= Beginning of Section =
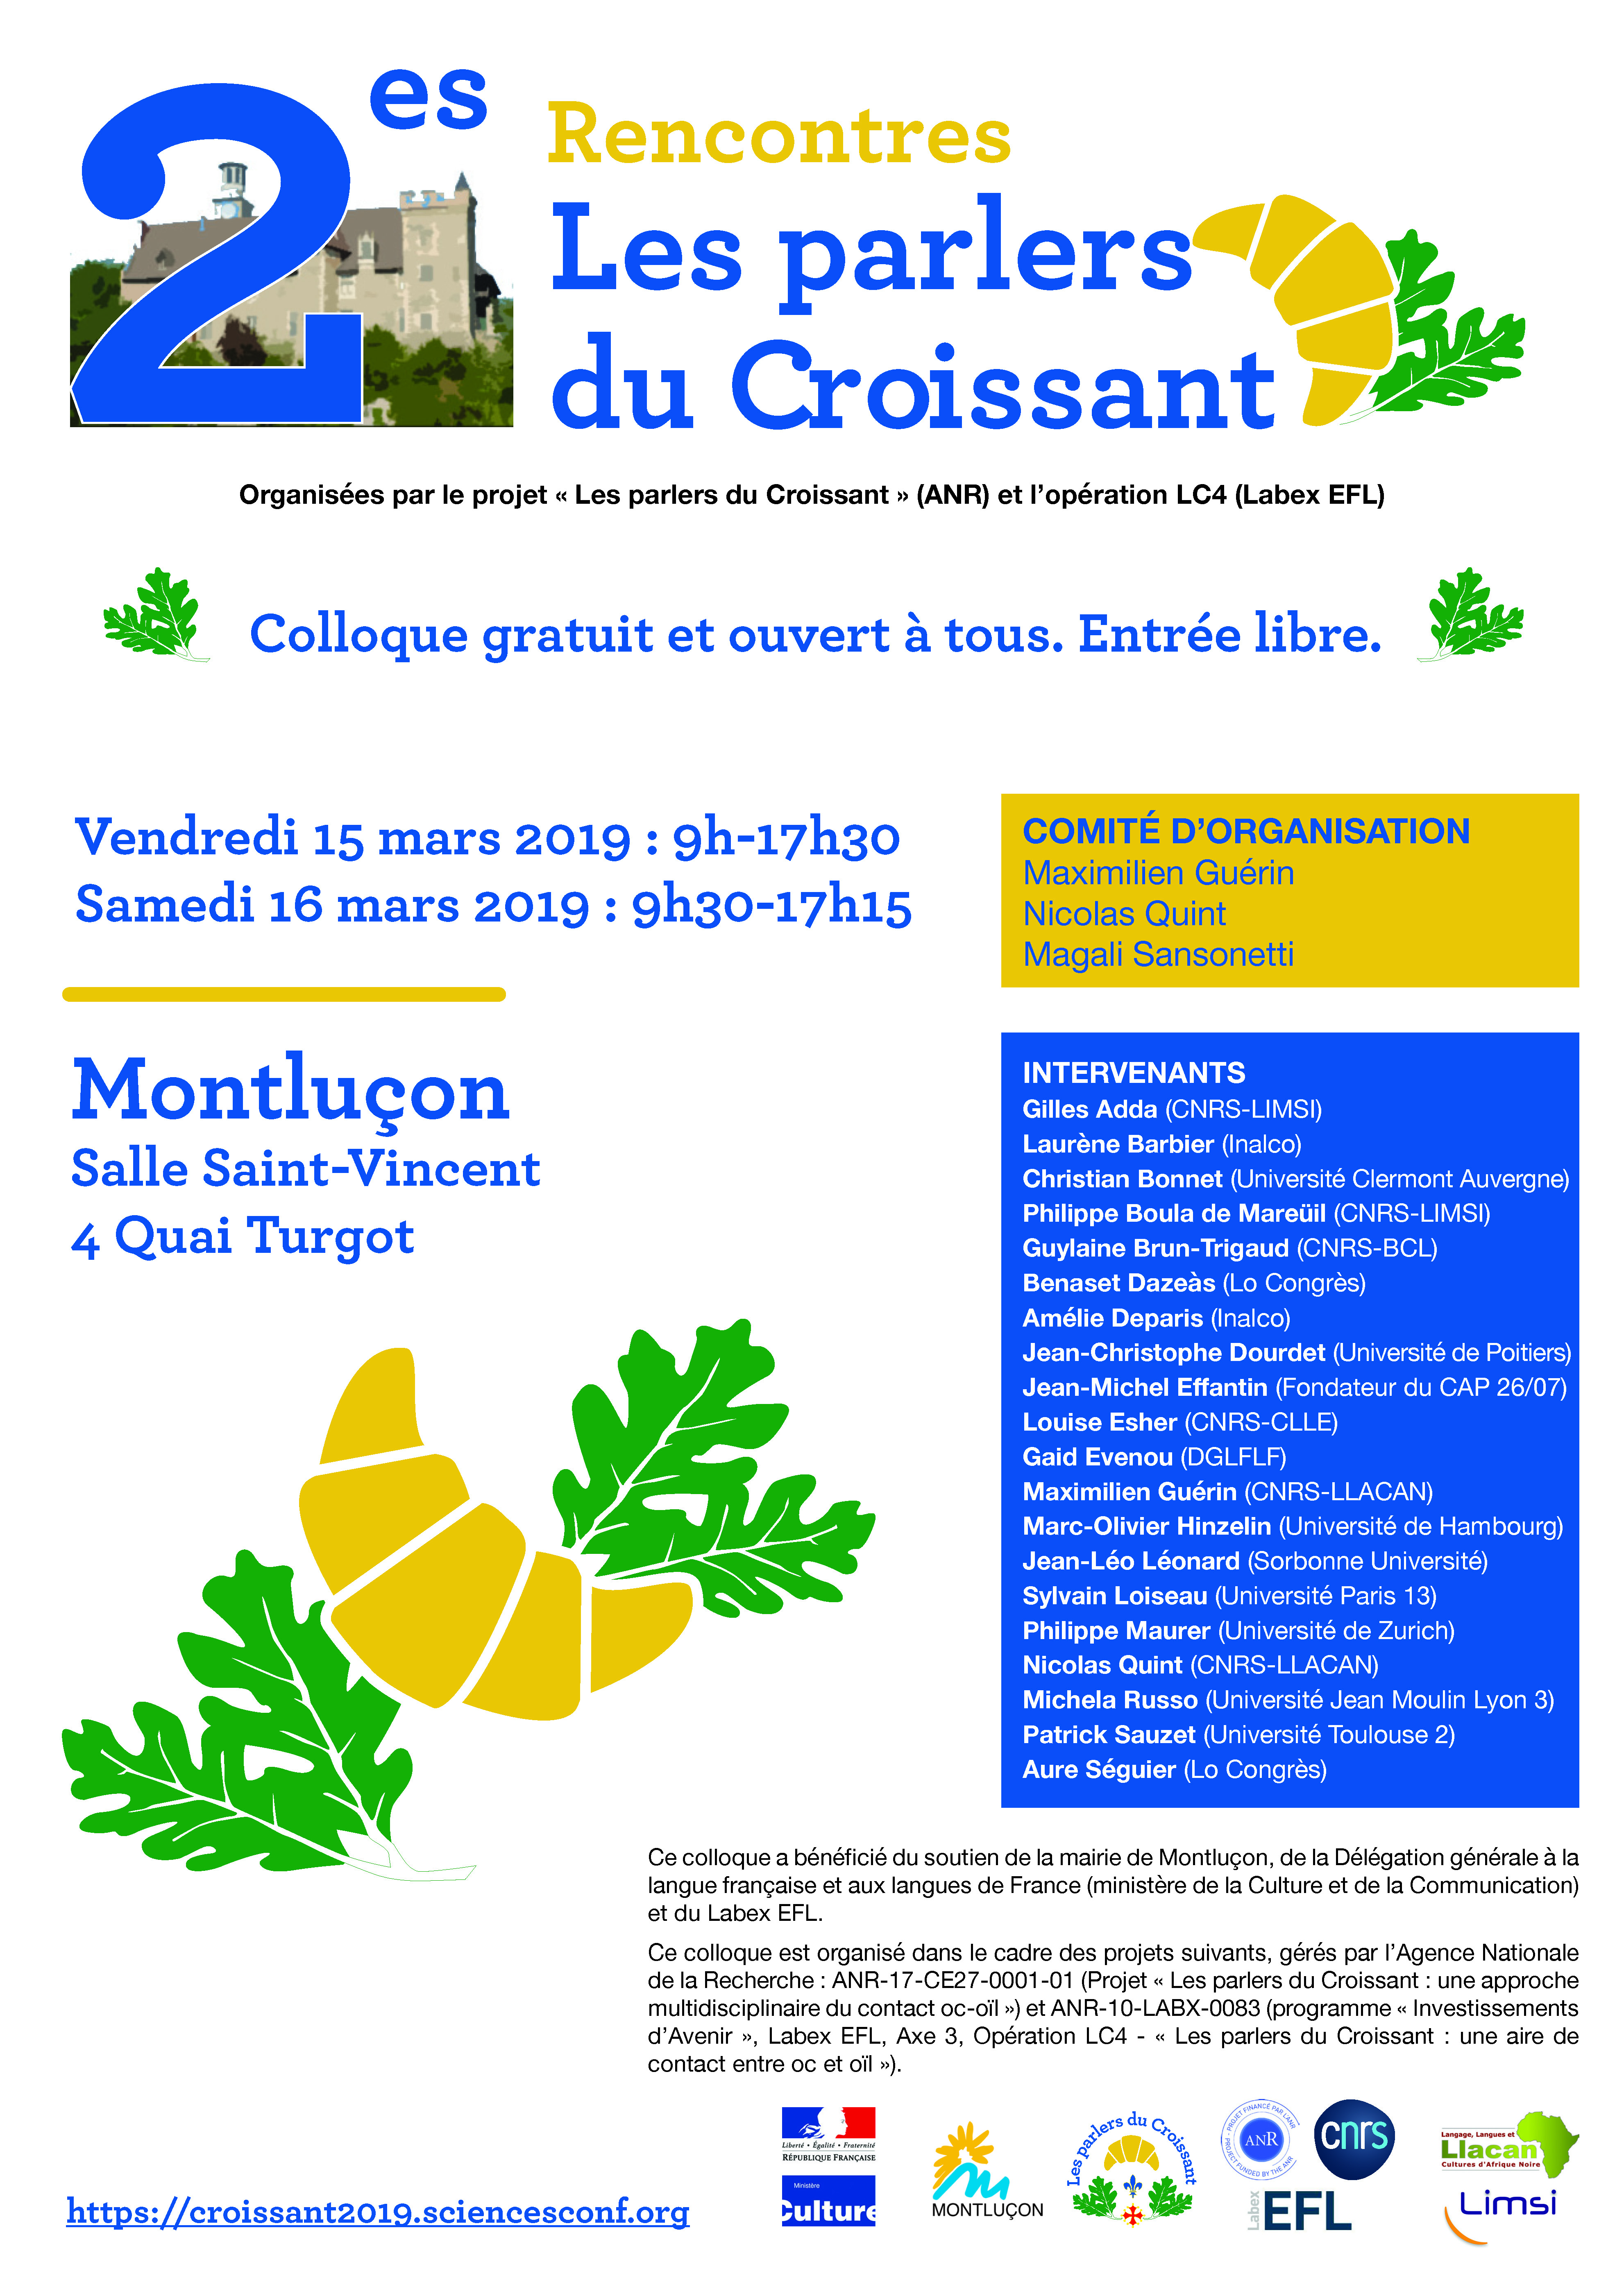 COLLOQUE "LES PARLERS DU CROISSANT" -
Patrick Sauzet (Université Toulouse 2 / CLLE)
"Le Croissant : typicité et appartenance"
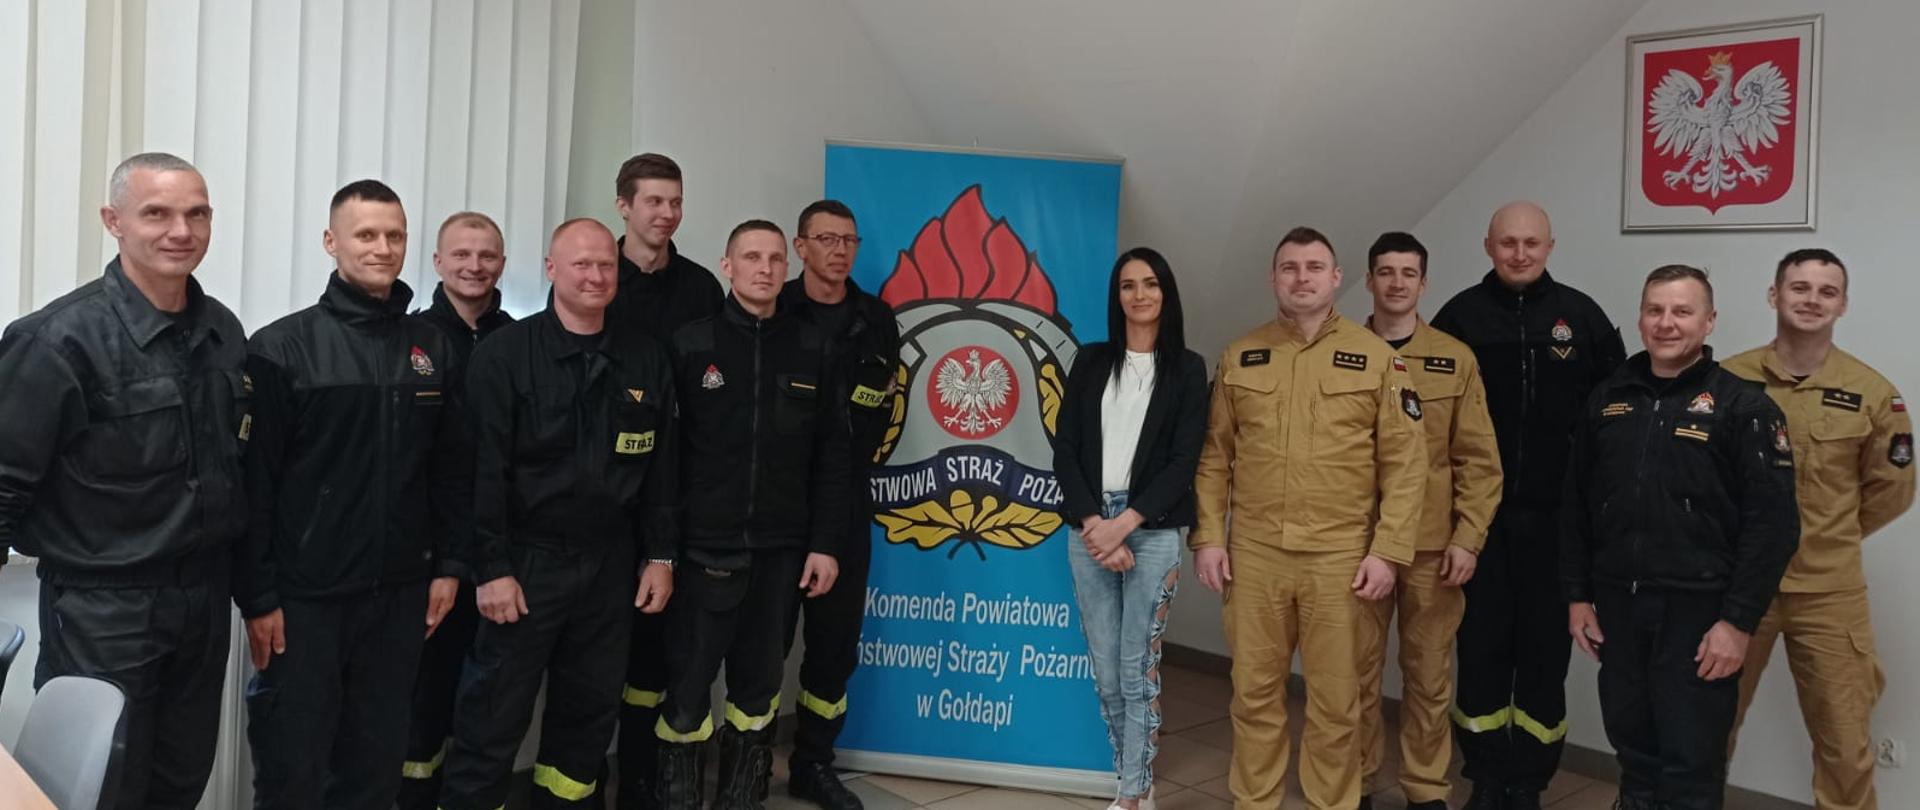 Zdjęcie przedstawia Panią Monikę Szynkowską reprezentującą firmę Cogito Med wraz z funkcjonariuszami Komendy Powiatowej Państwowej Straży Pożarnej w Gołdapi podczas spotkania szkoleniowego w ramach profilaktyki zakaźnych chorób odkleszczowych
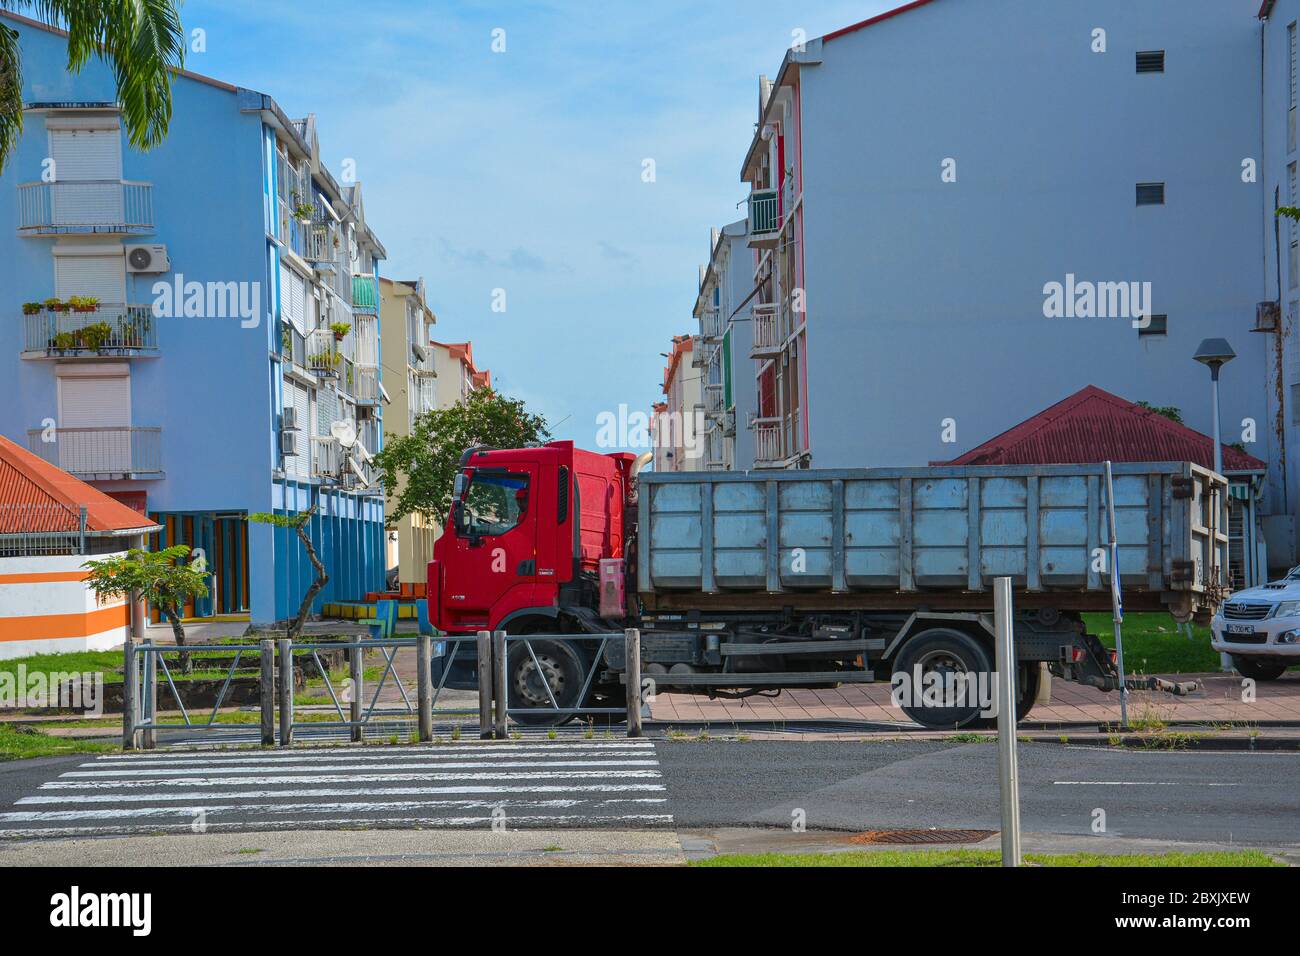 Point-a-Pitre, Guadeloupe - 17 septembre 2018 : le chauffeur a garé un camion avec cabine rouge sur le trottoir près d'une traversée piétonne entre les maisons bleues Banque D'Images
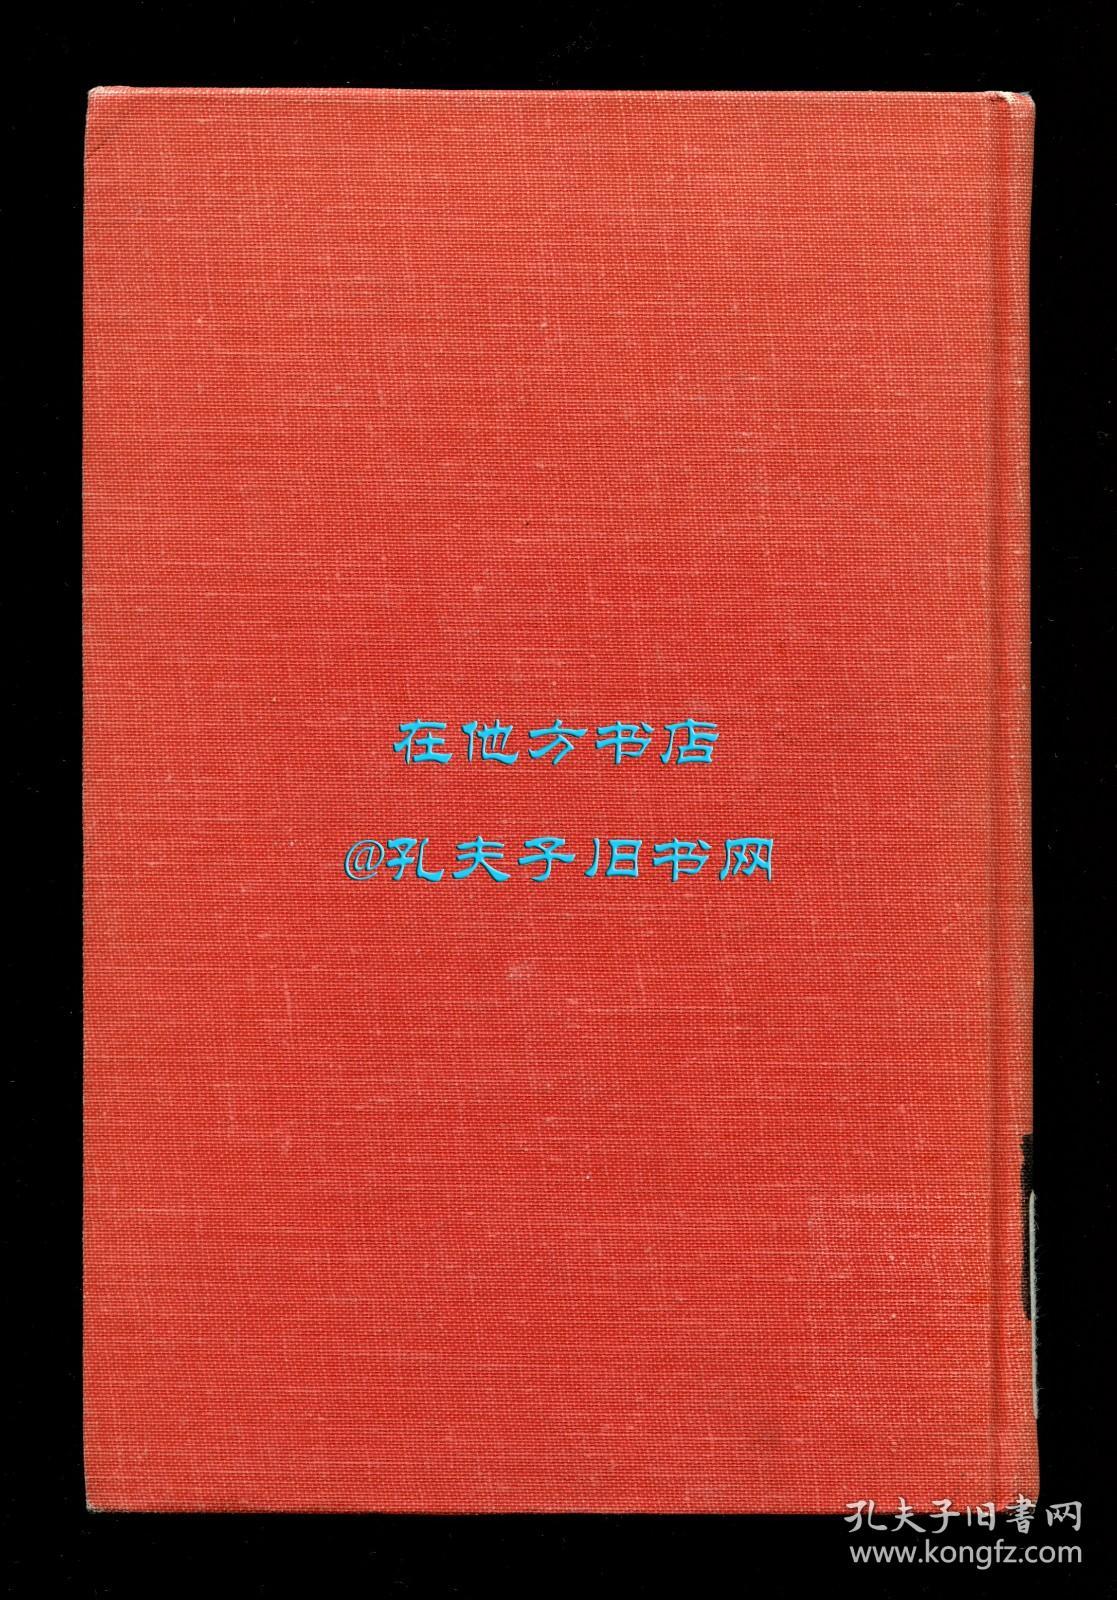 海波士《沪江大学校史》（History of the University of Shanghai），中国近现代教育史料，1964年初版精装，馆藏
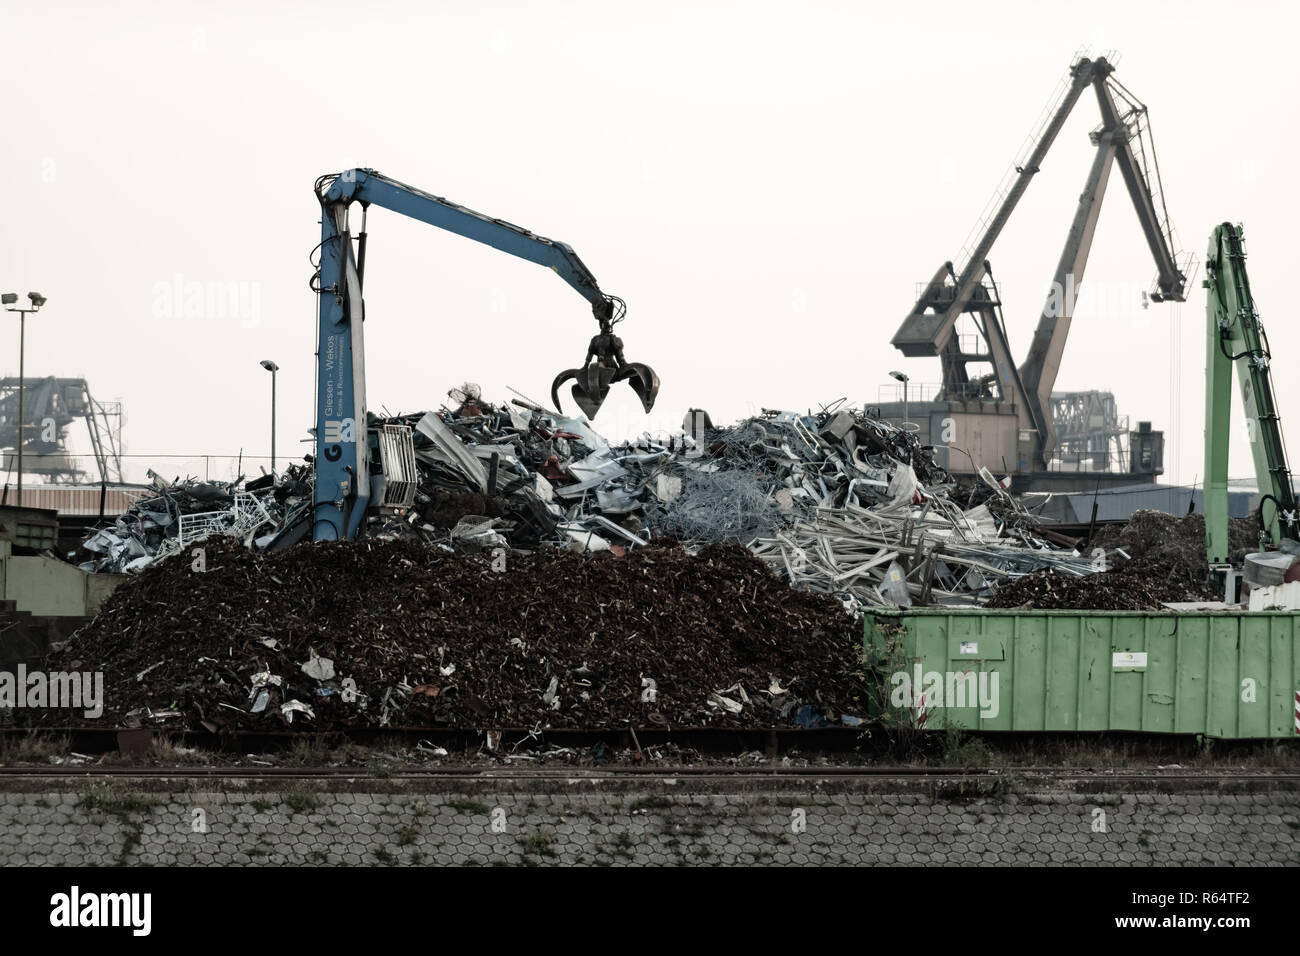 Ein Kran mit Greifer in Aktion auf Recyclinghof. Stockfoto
= End of Section =
### PROBLEM STATEMENT
Copy only what lies between the line with "Croissant : typicité" and the line with "海波士《沪江大学校史》（History of the", those two lines included, exactly as given above; pictures stay out.

### REPLY TO THE EXERCISE
"Le Croissant : typicité et appartenance"
 Zdjęcie przedstawia Panią Monikę Szynkowską reprezentującą firmę Cogito Med wraz z funkcjonariuszami Komendy Powiatowej Państwowej Straży Pożarnej w Gołdapi podczas spotkania szkoleniowego w ramach profilaktyki zakaźnych chorób odkleszczowych
 Point-a-Pitre, Guadeloupe - 17 septembre 2018 : le chauffeur a garé un camion avec cabine rouge sur le trottoir près d'une traversée piétonne entre les maisons bleues Banque D'Images
 海波士《沪江大学校史》（History of the University of Shanghai），中国近现代教育史料，1964年初版精装，馆藏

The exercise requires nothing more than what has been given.